Suad G.M.Beitake,1 Afaf A.Mabrouk1Nuha, H. Talib1 and Y.R.Sulieman2
Animal Production Research Centre, P.O. Box 1355, Kuku, Khartoum north, Sudan1
College of Animal Production, University of Bahri, Khartoum, Sudan2
Summary
Two hundred unsexed broiler chicks were used in a completely randomized design feeding trial, to study the effect on growth performance of chicks, by substituting groundnut cake by moringa oleifera leaf meal at 2%M, 4%M, and 6%M. Moringa fed chicks consumed significantly more dry matter, metabolizable energy, and crude protein than the control (0%M) chicks, as a result; they gained significantly more weight gain. Dry matter intake and weight gain increased progressively with increasing Moringa leaf meal concentration in the feed, from 2%M to 6%M inclusive. The rise in weight gain and weight conversion rates, were attributed to a possible Moringa leaf meal protein quality effect.
Introduction
It has been observed that the rapid growth of human and livestock populations with increasing demand for food and feed, particularly in developing countries. Consequently, alternative feed resources must be identified and evaluated, importantly those from non-conventional sources (Odunsi 2003). Hence, any cheap high protein yielding feed that could substitute conventional Groundnut cake, Sesame meal or imported Soybean meal is desirable. Such a potential source of cheap high protein as the leaf meal of some tropical browse plants.
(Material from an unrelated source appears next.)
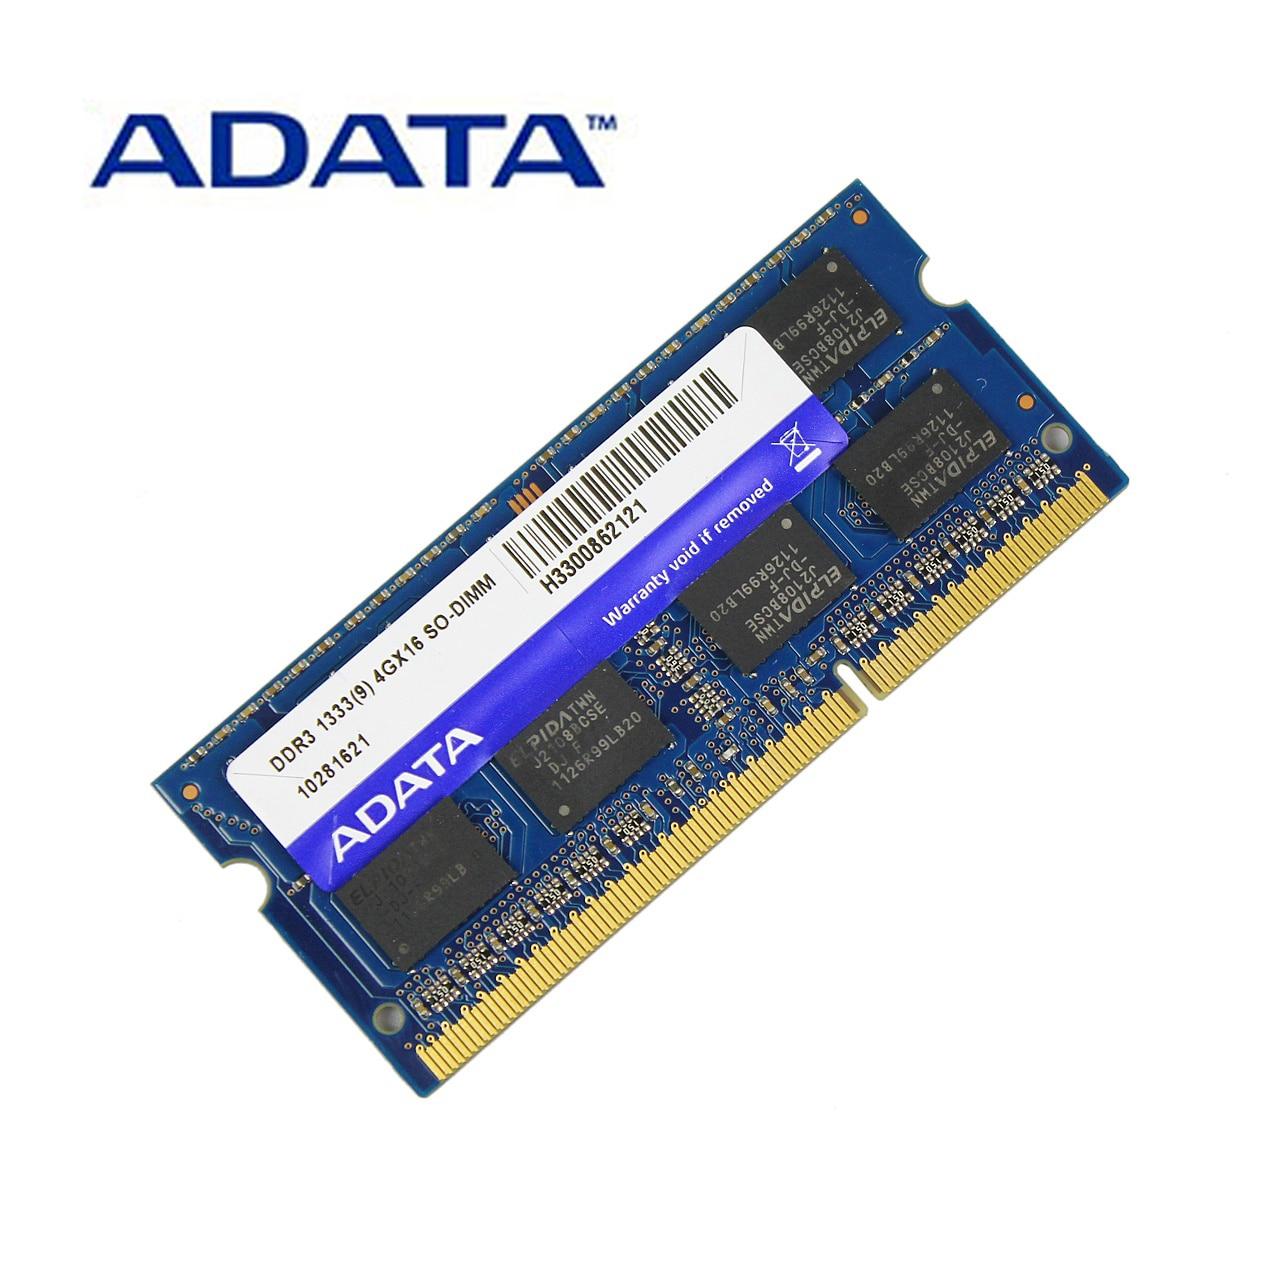 ADATA DDR3 1.5 v 2 gb 4 gb 8 gb 1333 mhz Ram Mémoire SO-DIMM 204 Broches PC3-10600 Pour Lenovo thinkPad SONY Acer SAMSUNG HP Ordinateur Portable Béliers
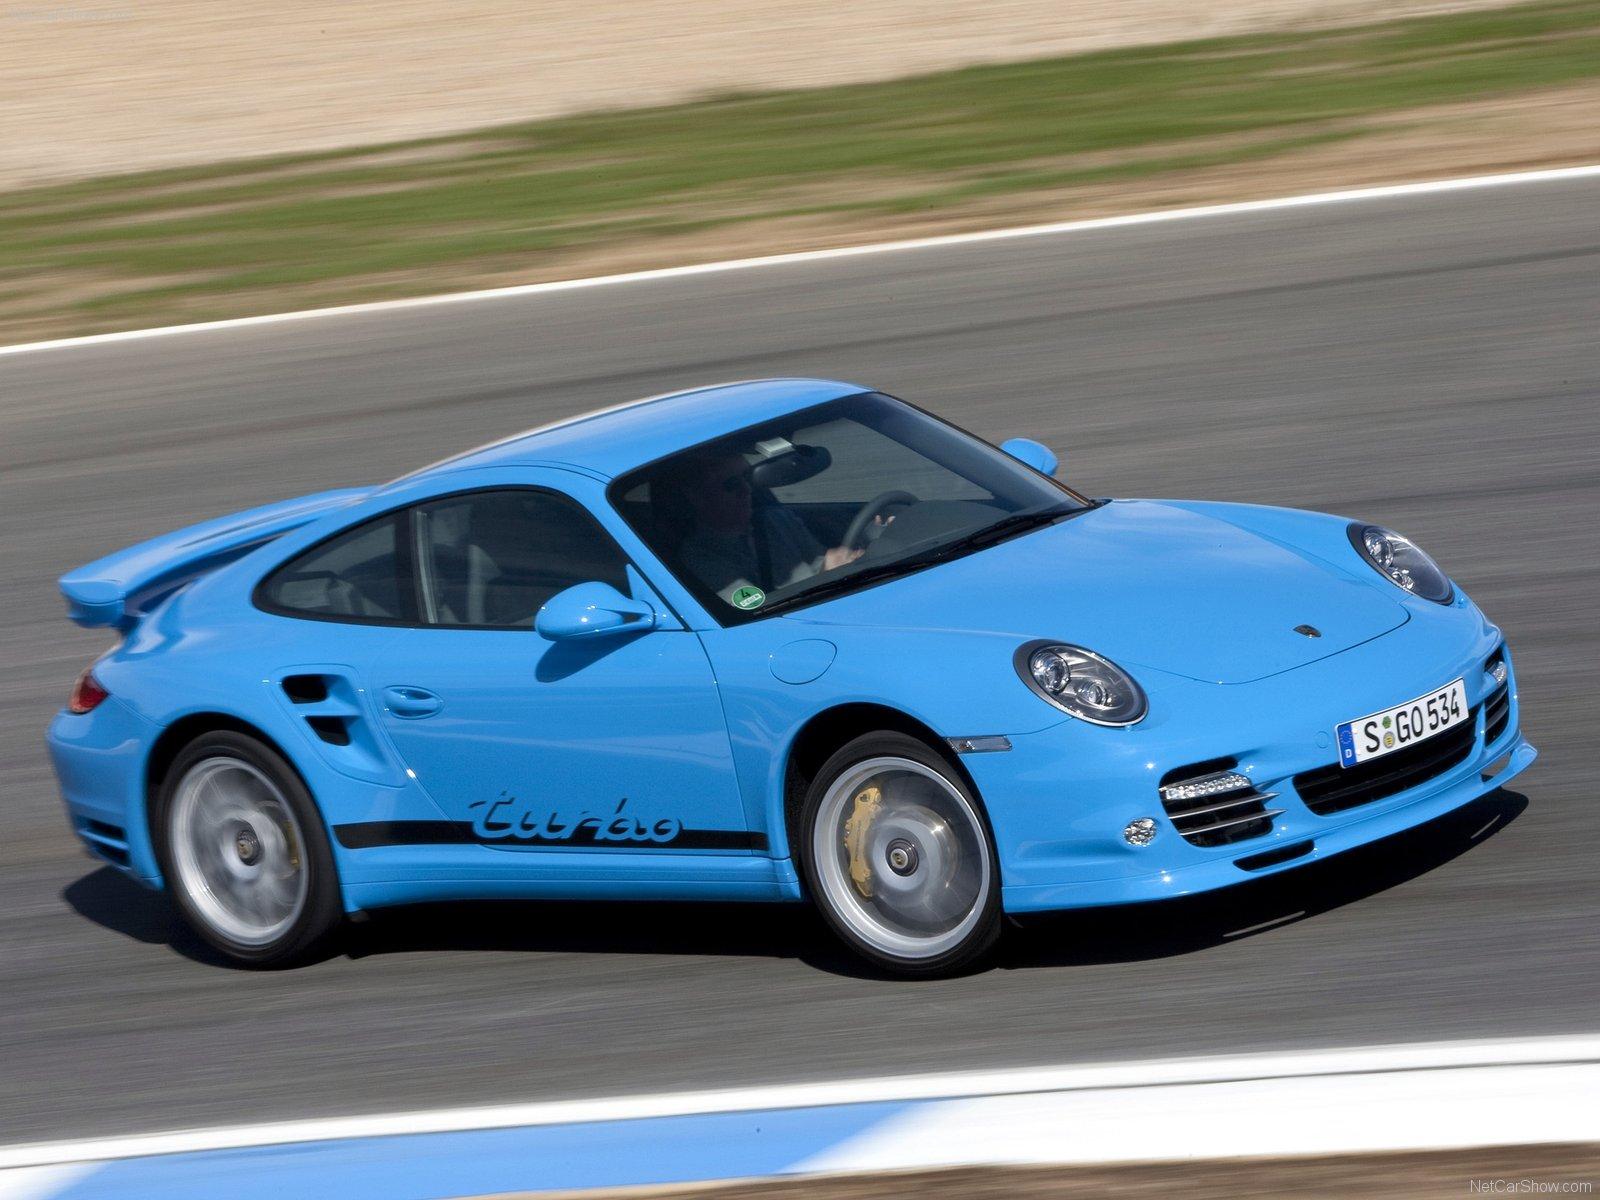 2010 Blue Porsche 911 Turbo Wallpapers

Though utilization of leaf meal could be constrained by anti-nutritional compounds, and deficiency of some amino acids. Interest is growing in planting Moringa (M.oleifera), for use of leaf meal as protein feed source to animals (Makkar and Becker 1997; Sarwatt et al., 2002). Despite, the high protein content of Moringa leaf meal, there is few available data on its use as an alternative protein supplement in broiler
production. The present study aimed at investigating of partially replacing Groundnut cake with Moringa leaf meal in broiler ration; whereas growth performance and the nutritional value of the constituted feed were intended.
Materials and Methods
Experimental feeds
Twigs of M. oleifera were collected from a plantation farm in Khartoum, dried under shade and aerated conditions. Dried leaves were separated, hand crushed, sieved and mill-ground. The leaf meal was included in the experimental feed in the proportions 2, 4, and 6%, to substitute Groundnut cake in the control feed (0%). The formulated feeds (Table 1) were pelleted before use. The feeds were approximately iso-calorific and iso-nitrogenous, and were adjusted to meet recommended NRC (1984) nutrient requirements for broiler production. Proximate components and amino acids composition were analysed according to A.O.A.C. methods (1990). Performance data were statistically analysed using ANOVA analysis of variance method. Significant means were separated by Duncan’s multiple range tests, (Duncan 1955).
Feeding trial
Two hundreds, one day old, unsexed broiler chicks (Cobb 500), of uniform body weight (38 g), were reared for 45 days in a deep littered wire-netting wall and open-sided house. 24-hour continuous artificial lightening was provided. The feeds and water were freely available at all time. The chicks were distributed into the four treatment feed groups, in a completely randomized design. In each treatment, there were five replicates each containing 10 chicks. During the course of the experiment, the chicks were weighed weekly, before the feed was offered in the morning, (Beitake 2012).
Digestibility trial
During the last week of the feeding trial, one bird was randomly selected from each replicate (5 birds per treatment), for the digestibility trial .Excreta were collected on nylon sheets covering floor, which were daily replaced each by a new clean another one. Feed remaining in each replicate unit and excreta collected, and dried before analysis was done. Digestibility values were calculated for dry matter (DM), organic matter (OM), crude fibre (CF), and ether extractives (EE). The digestibility of crude protein (CP) was calculated according to Bolton and Blair (1974).
Results and Discussion
The composition of experimental diets and nutrient contents of feeds and Moringa oleifera leaf meal (MOLM) are shown in Table 1. It shows that the values (g/kg DM), for crude protein (CP=278.7), crude fibre (CF=130), and ether extractives (EE=22) of MOLM were within the range of values obtained by Booth and Wickens (1988); 27.1%, 19.2% and 2.3%, Makkar and Becker (1996); 25.1%, 21.9% NDF and 5.4%, and Oduro, et al., (2008); 27.51%,19.23% and 2.23% respectively. Though the present sample had less fibre compared to those above mentioned, possibly because our leaf meal was processed from tender shoots of low fibre content.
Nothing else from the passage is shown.